• _Work instruction_
Only the pictures are to be omitted; every entry beneath should otherwise be duplicated exactly.
Entries shown Start Marker
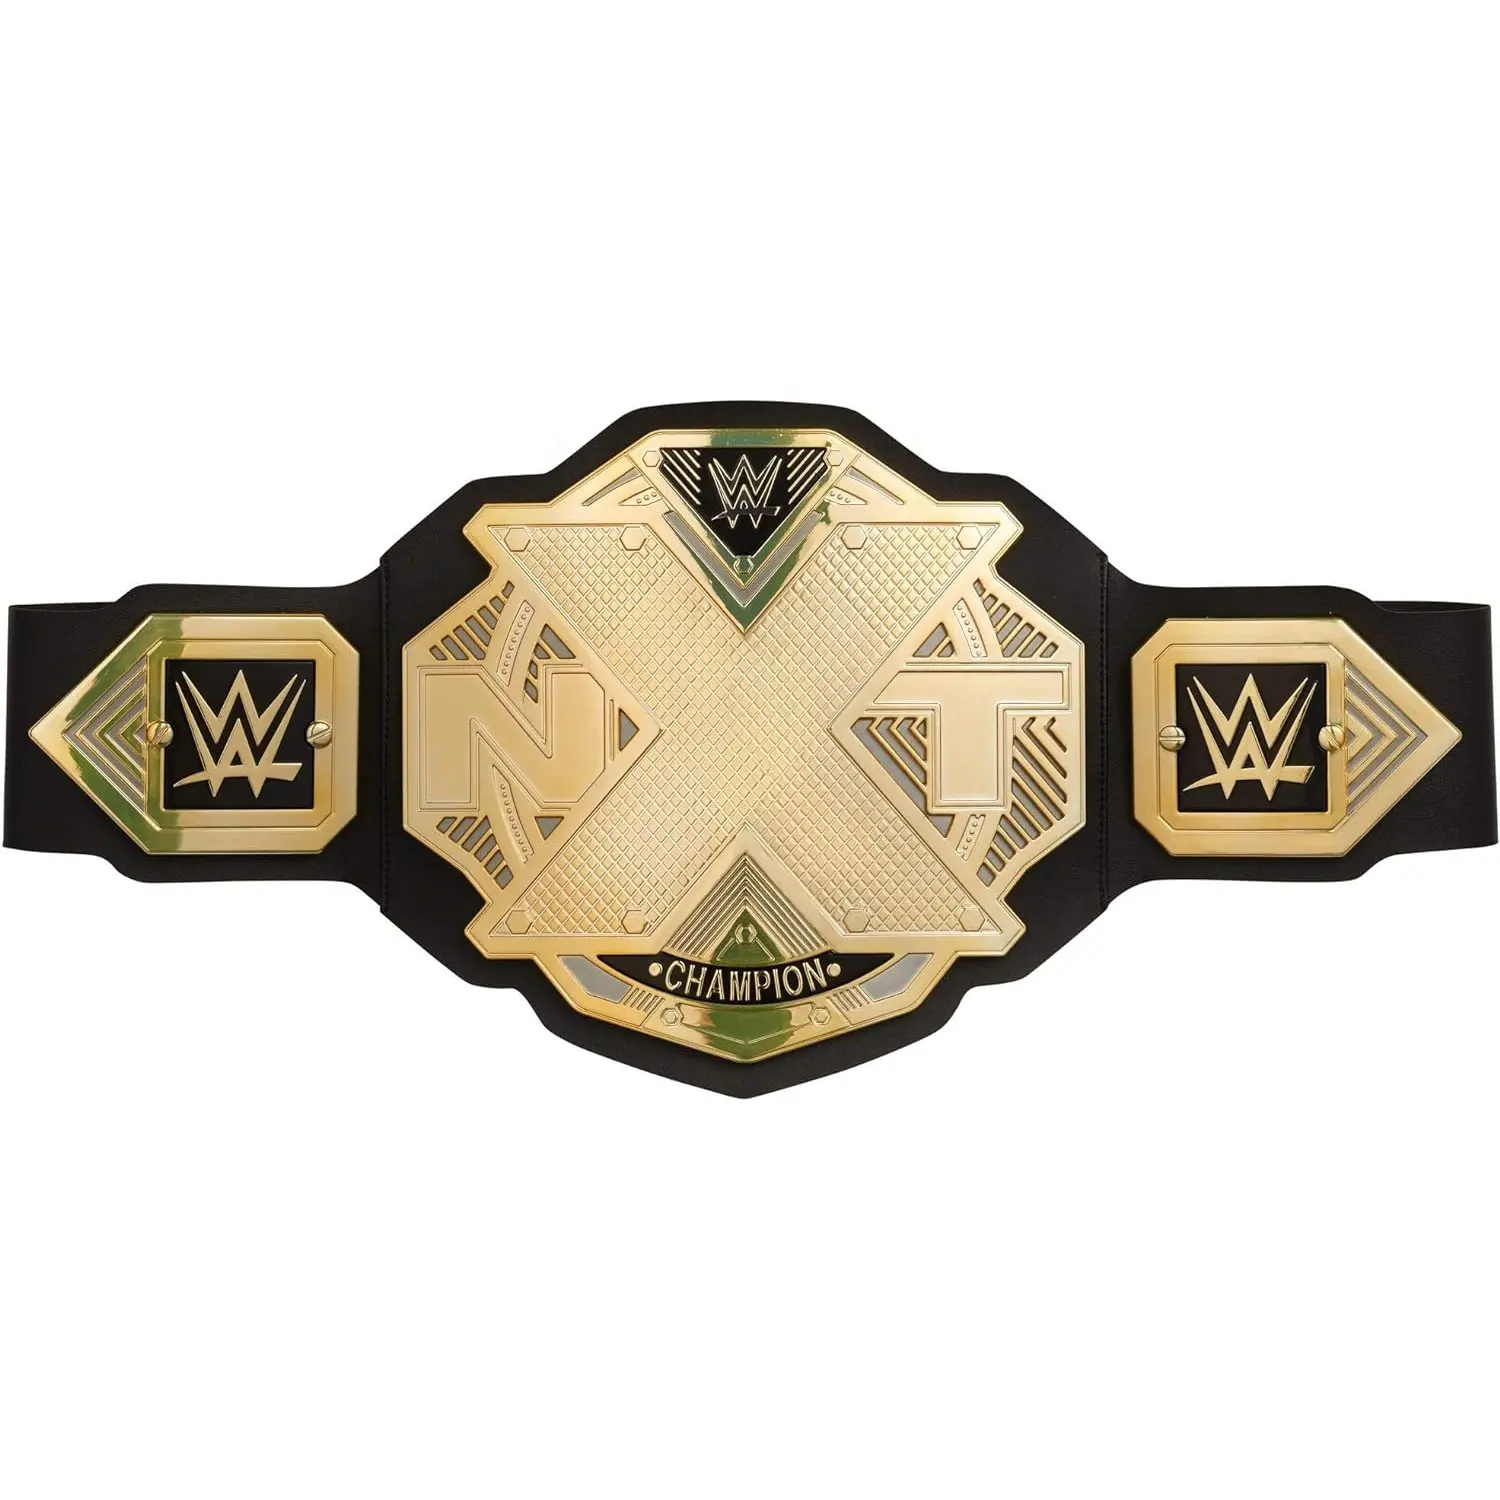 NXT championcustom mới được thực hiện tốt nhất trong các đai vô địch chuyên nghiệp thế giới như Đai đấm bốc, Đai Đấu Vật, Đai Karate
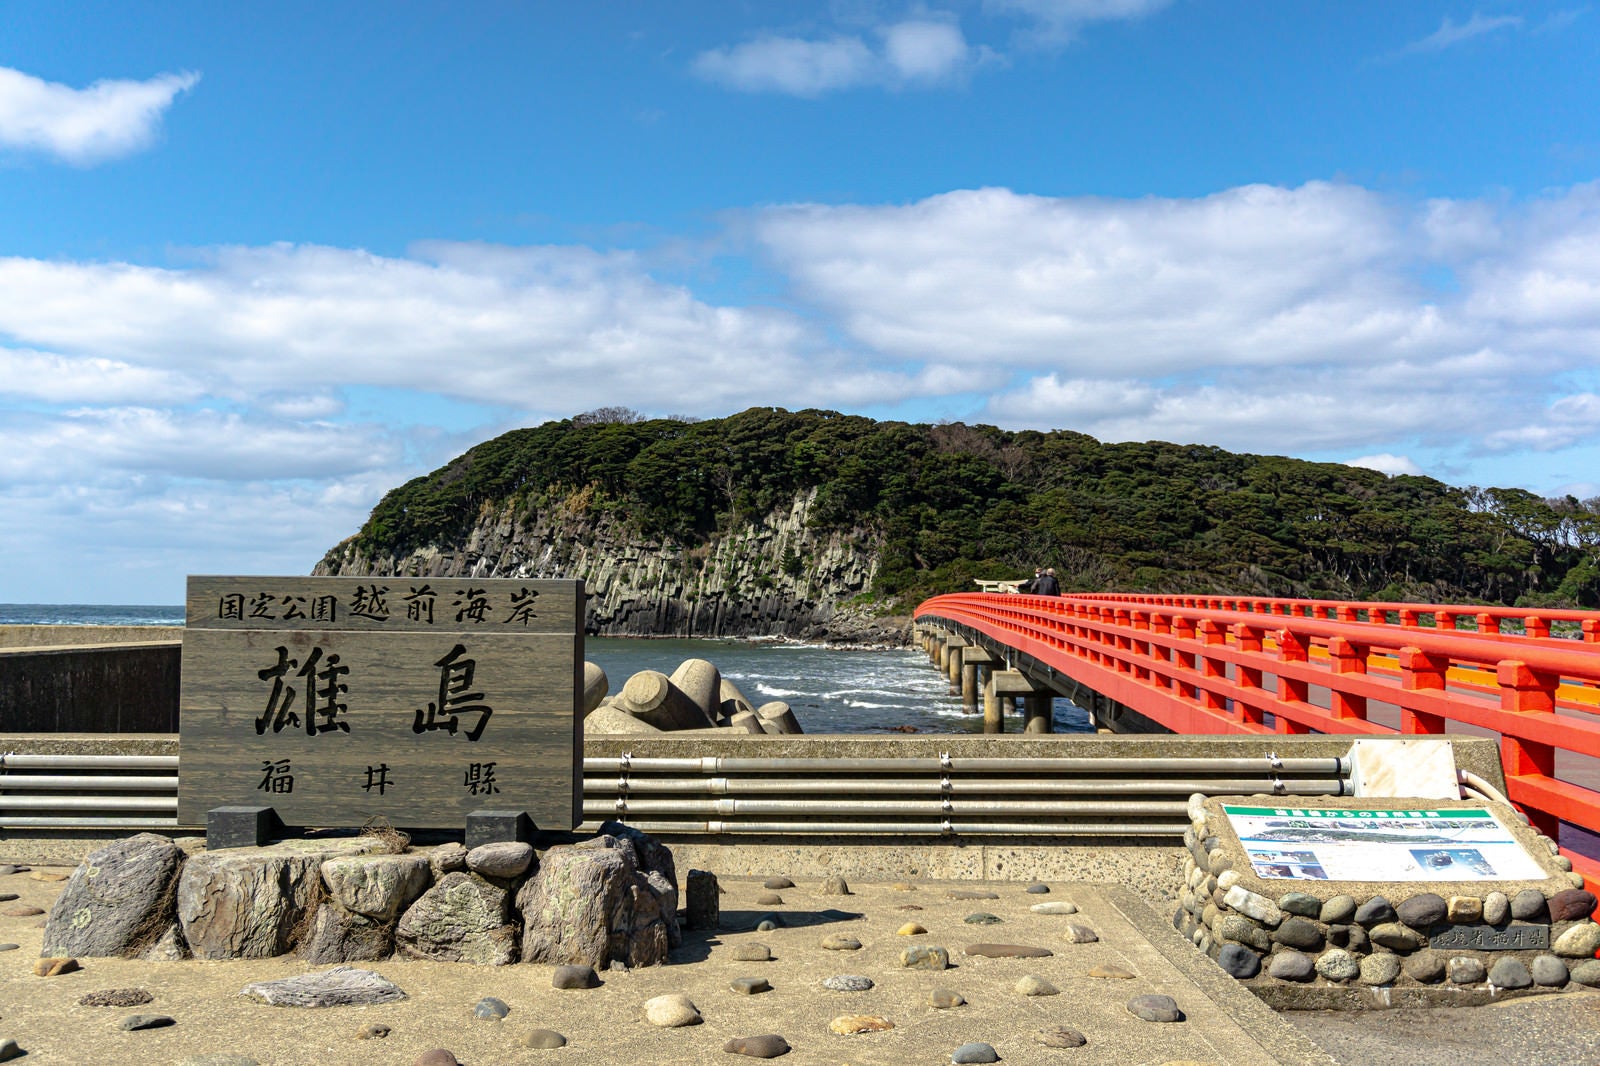 「雄島を背景に建つ雄島の看板や説明図と雄島へと続く橋」の写真
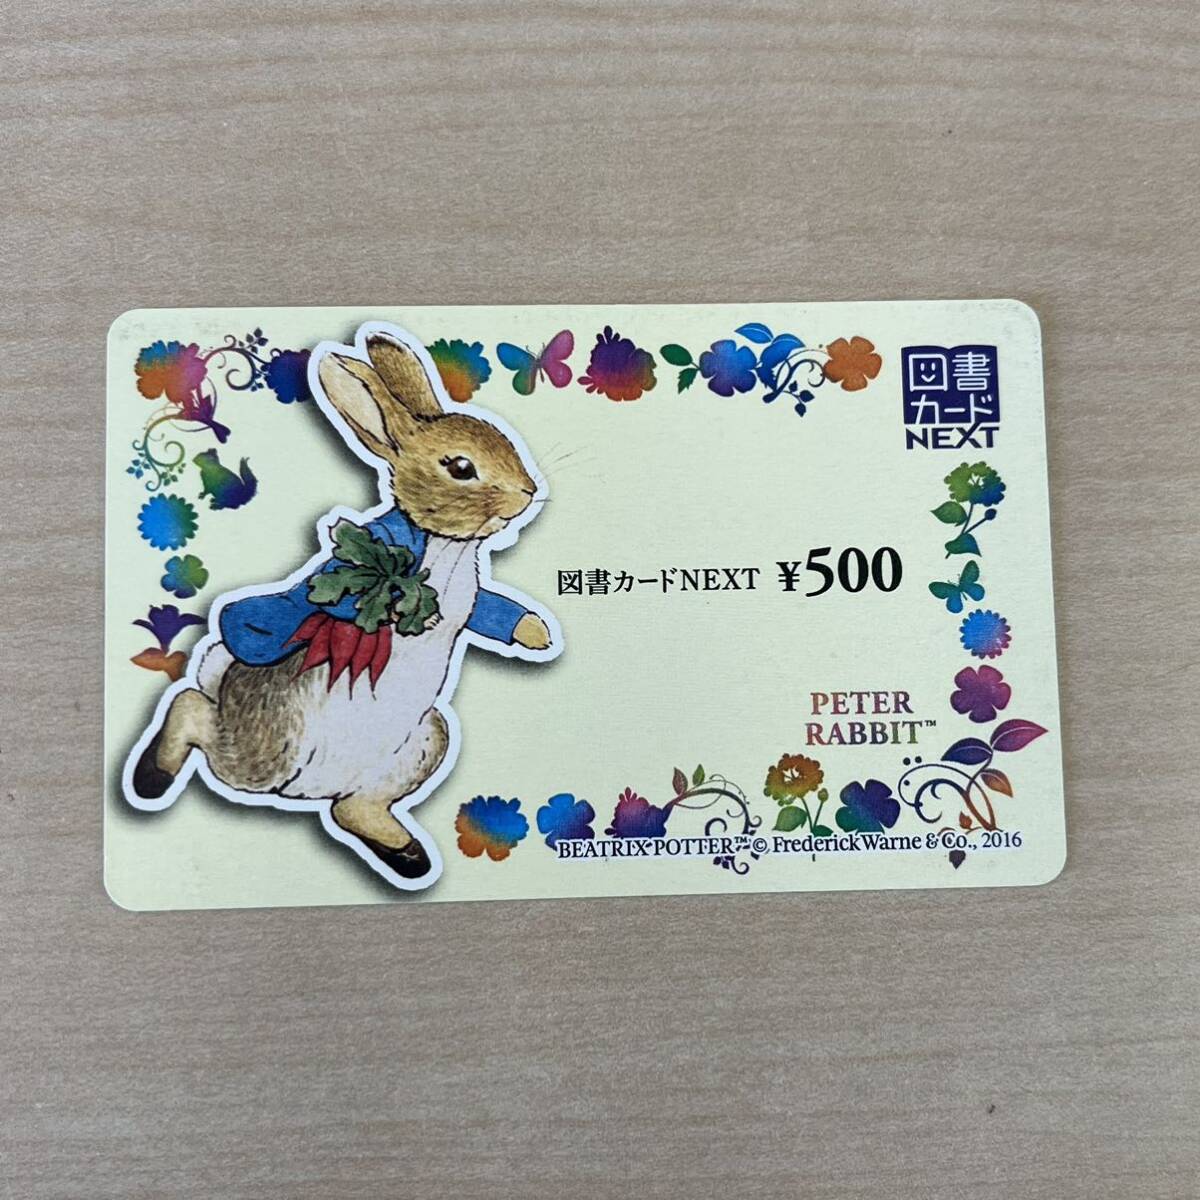 [TK0408] сертификат на книги NEXT next номинальная стоимость 500 иен минут 1 листов Peter Rabbit иметь временные ограничения действия 2030 год 12 месяц 31 до дня 
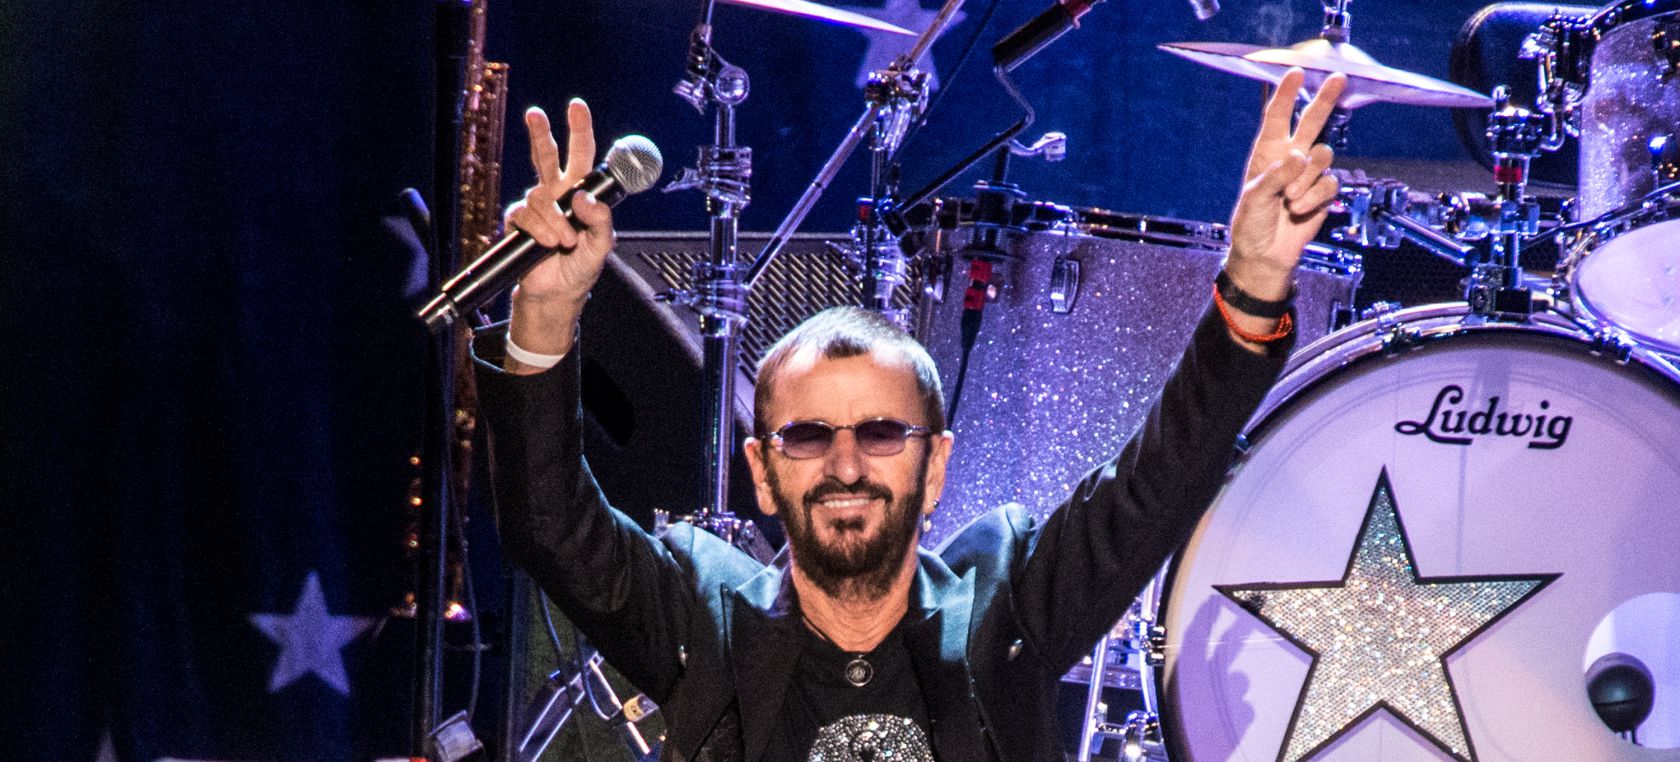 El productivo año de Ringo Starr: nuevo disco, libro y mucha pintura
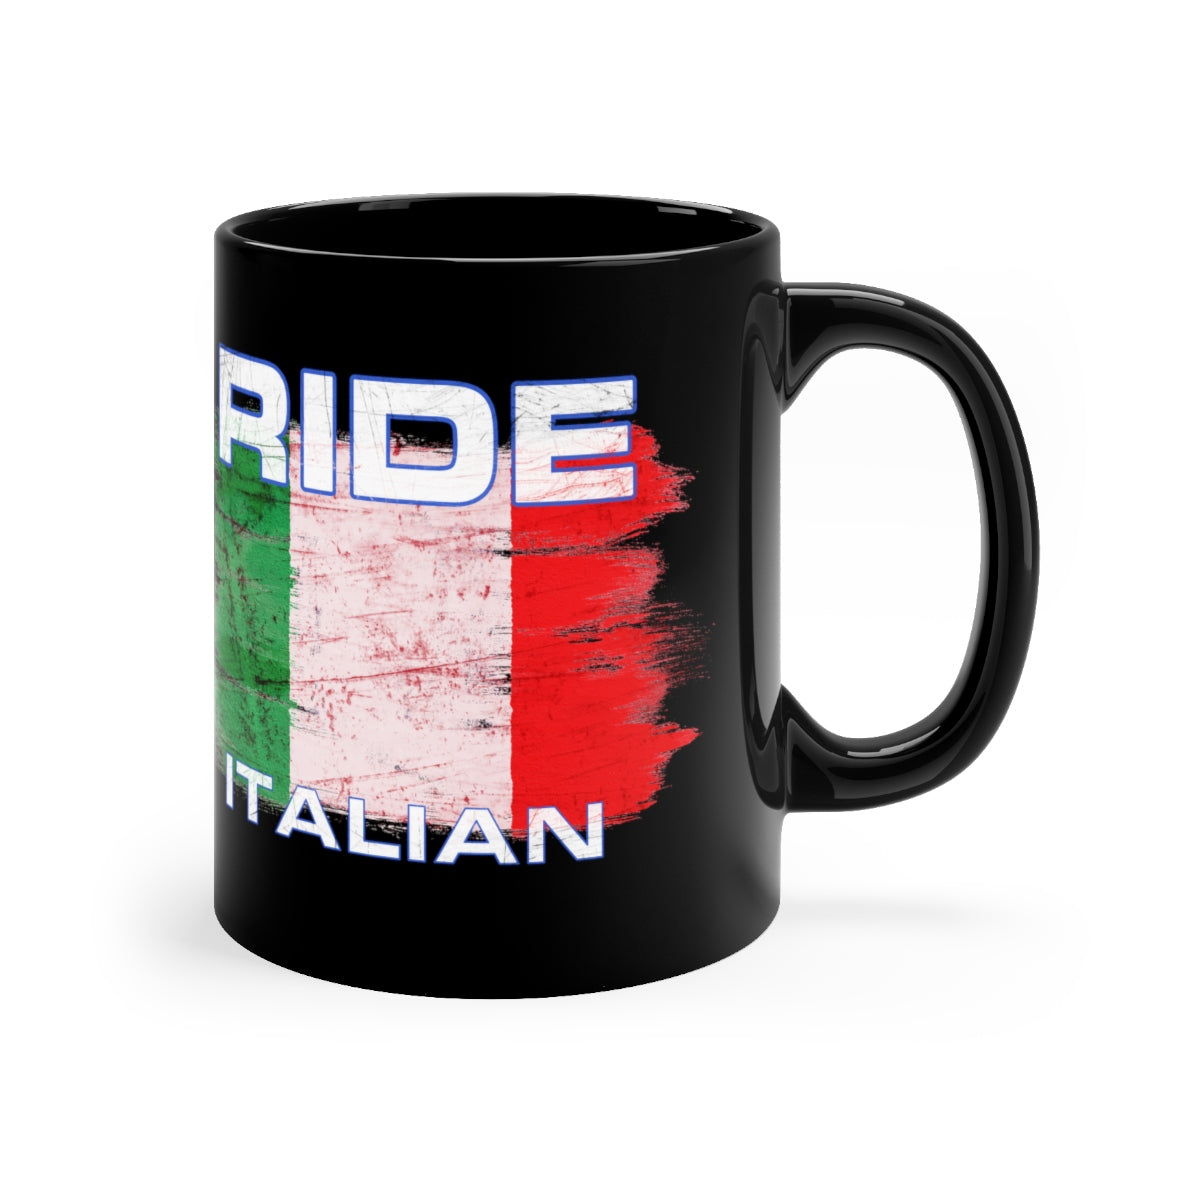 Ride Italian - Black mug 11oz
Entries shown End Marker
• _Result_
 NXT championcustom mới được thực hiện tốt nhất trong các đai vô địch chuyên nghiệp thế giới như Đai đấm bốc, Đai Đấu Vật, Đai Karate
 「雄島を背景に建つ雄島の看板や説明図と雄島へと続く橋」の写真
 [TK0408] сертификат на книги NEXT next номинальная стоимость 500 иен минут 1 листов Peter Rabbit иметь временные ограничения действия 2030 год 12 месяц 31 до дня 
 El productivo año de Ringo Starr: nuevo disco, libro y mucha pintura
 Ride Italian - Black mug 11oz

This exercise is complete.